Nederland heeft op 9 december 2009 een eerste betalingsaanvraag ingediend ten bedrage van 8,2 miljoen euro. Daarmee is de tranche 2007 (7 miljoen euro) volledig benut. Het ging hier om het uitgevoerde saneringsprogramma. Dit jaar is een betalingsaanvraag gepland voor september waarmee naar verwachting de tranche 2008 volledig benut zal worden. Van het totale voor Nederland beschikbare EVF budget (48 miljoen euro) is eind 2009 35% gecommitteerd. Naar verwachting is eind 2010 50% gecommitteerd. Op dit moment – halverwege de looptijd van het EVF – hebben slechts 16 van de 26 lidstaten tenminste één interimbetaling verricht. Het totaal bedrag van deze betalingen is 214,4 miljoen euro, zijnde 5% van het totaal in het EVF beschikbare bedrag.

De oproep van de Commissie om de inspanningen te intensiveren was gericht tot die lidstaten die een grote achterstand hebben in de uitvoering van het EVF. Deze oproep van de Commissie was niet gericht tot Nederland.

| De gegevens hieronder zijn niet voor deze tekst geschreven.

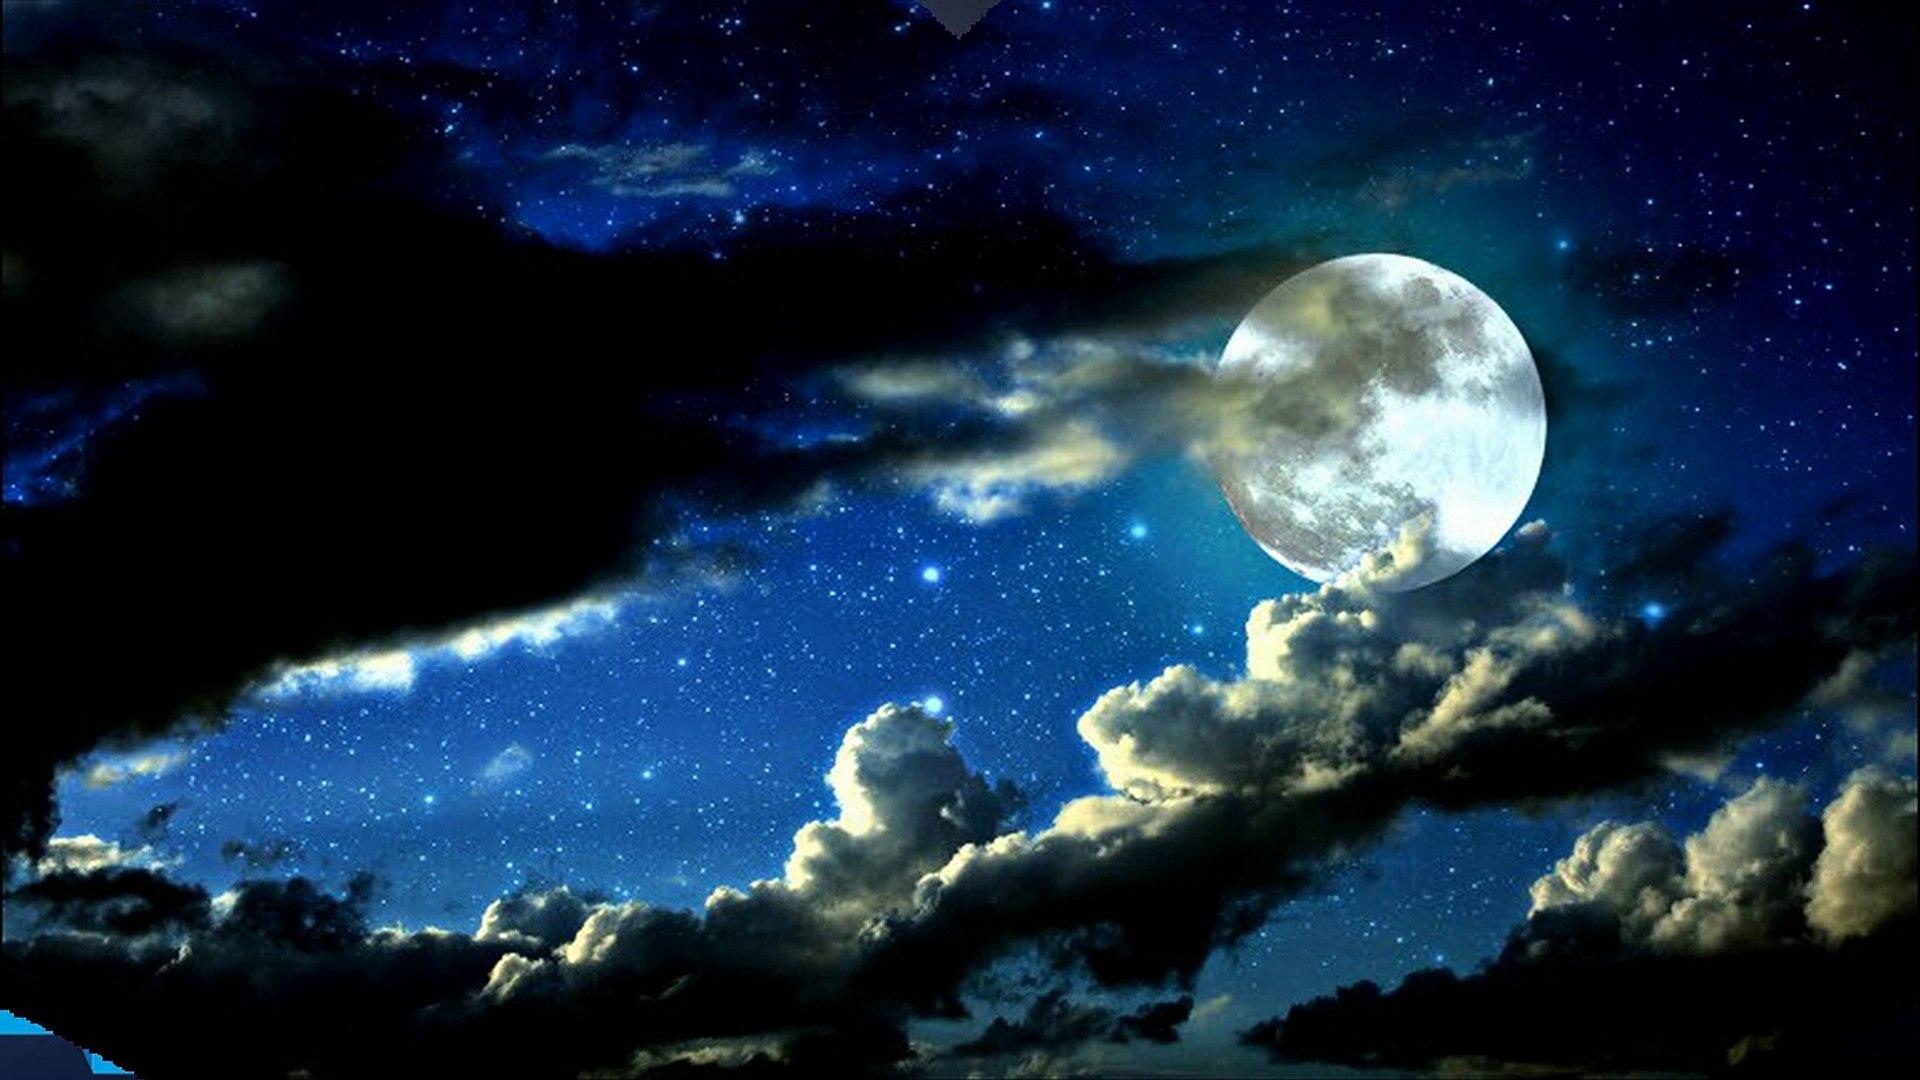 Eger ay olmasaydi ne olurdu Ay'siz dünya nasil olurdu Ay'in dünyamiza faydasi nedir

De leden van de fractie van het CDA vragen tevens welke consequenties er zijn voor de Nederlandse vissers (zeker gezien de geschetste problematiek rondom makrelen) als IJsland toetreedt. Ongeacht of IJsland toetreedt, zullen de Europese makreelvissers (waaronder ook de Nederlandse visserijsector) mee moeten betalen aan een aandeel voor IJsland. Hoeveel dit zal zijn, maakt deel uit van het onderhandelingsproces dat in het kader van de kuststatenovereenkomst nog gaande is. IJsland heeft het voornemen in 2010 eenzijdig uit te gaan van een toegestane vangsthoeveelheid van 130 000 ton voor makreel. De uitkomst van dit onderhandelingsproces is bepalend voor het IJslandse aandeel in de EU makreel TAC (Total Allowable Catch), in het geval dat IJsland toetreedt tot de EU. IJsland zal als eventueel toekomstig lid van de EU de EU-regelgeving gericht op duurzaam beheer moeten respecteren.

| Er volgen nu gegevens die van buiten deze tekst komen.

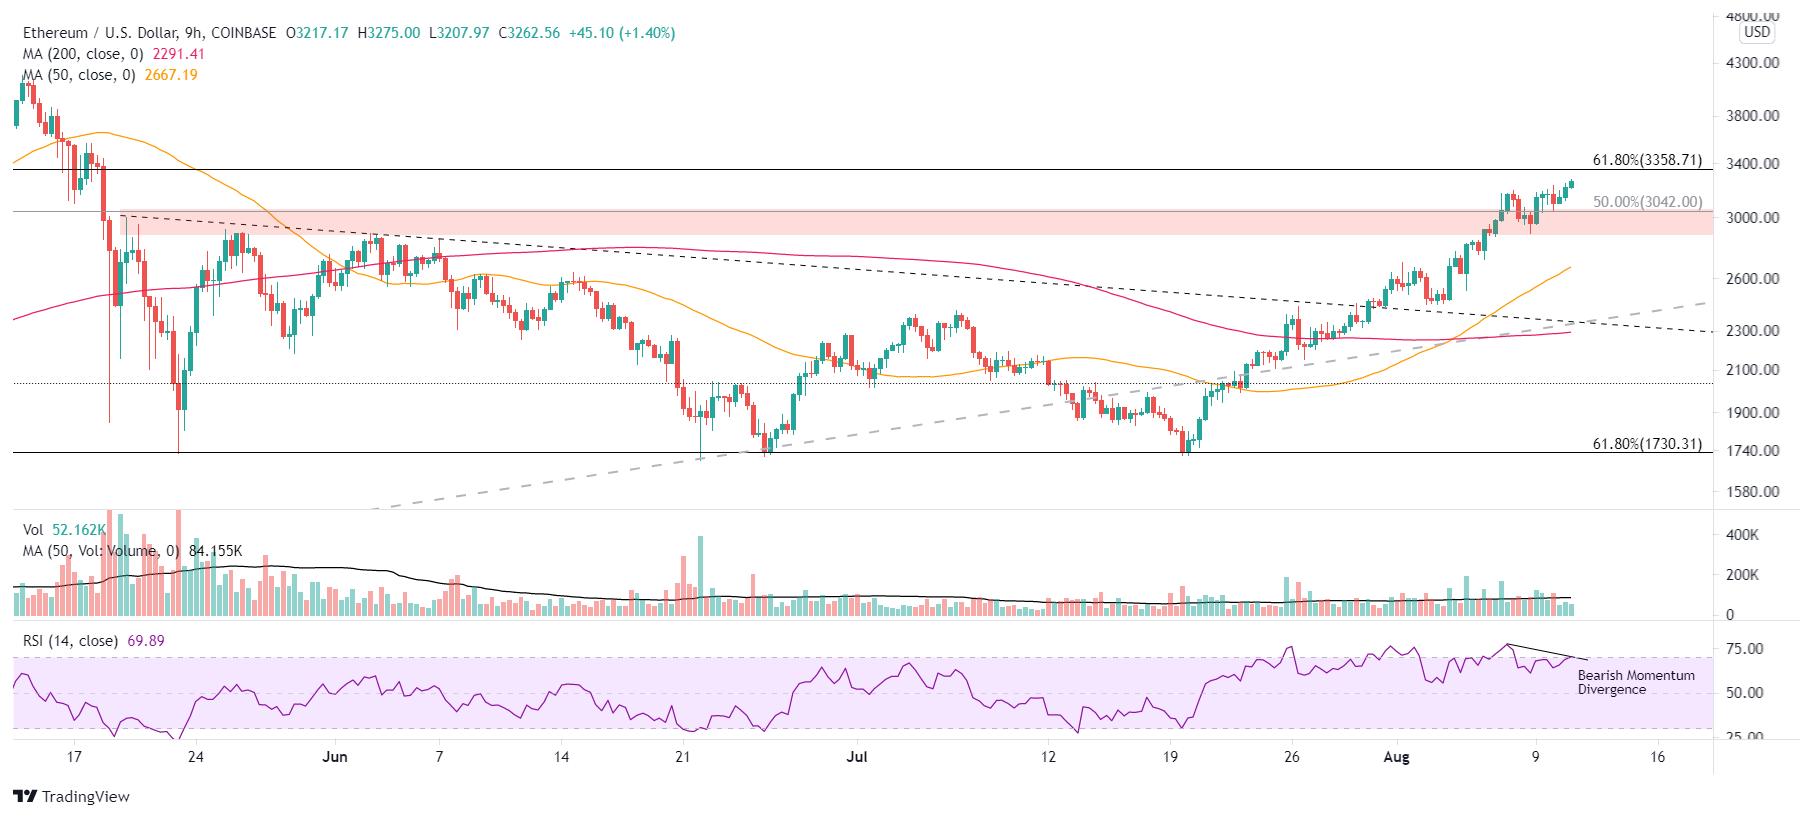 BTC/USD 9-hour chart

Herziening Gemeenschappelijk Visserijbeleid (GVB)

De leden van de fractie van de SP hebben mij verzocht uit te leggen hoe ik de motie Polderman/Irrgang (Kamerstuk 21 501-32-392) ga uitvoeren. Bij het VAO Landbouw- en Visserijraad op 22 april 2010 jl. heb ik aangegeven dat ik deze motie zie als ondersteuning van beleid. Ook ik vind het belangrijk dat onder het nieuwe Gemeenschappelijk Visserijbeleid vormen van samenwerking met derde landen aangegaan worden die gebaseerd zijn op duurzame visserij waarmee ook de lokale bevolking, de lokale economie en ecologie gediend zijn. Toen heb ik al aangegeven dat wij ons hier en nu en in de toekomst ten volle voor zullen inzetten daar waar wij praten over het nieuwe Europese visserijbeleid. Ik heb dit ook aangegeven tijdens de Informele Visserijraad in Vigo, zoals u ook in het verslag aan uw Kamer van 26 mei 2010 (TK 21 501-32, nr. 400) heeft kunnen lezen.

De leden van de fractie van de SP betreuren dat ik weiger onderscheid te maken in het GVB tussen kleinschalige, artisanale vloten en grootschalige vloten. Ik hecht aan één generiek beleid voor de gehele vloot om de volgende redenen. Het is niet duidelijk wat de negatieve effecten van het huidige beleid zijn op de kleinschalige visserij en welke onderdelen van het beleid verbeterd dienen te worden.

Bovendien wordt in het huidige GVB – middels derogaties – reeds rekening gehouden met de specifieke omstandigheden en behoeften van de kleinschalige en kustvloot. Differentiatie van het visserijbeleid zal waarschijnlijk geen positieve bijdrage aan het visstandbeheer leveren, noch aan de kwetsbare ecosystemen in de kustzones. Evenmin zal het leiden tot vereenvoudiging van het GVB. Het GVB is gericht op het beheer van visbestanden en dat moet het ook blijven. Natuurlijk is het heel belangrijk om de leefbaarheid van kustgemeenschappen in stand te houden. Maar het GVB is geen structuurbeleid en moet ook niet als zodanig ingezet worden.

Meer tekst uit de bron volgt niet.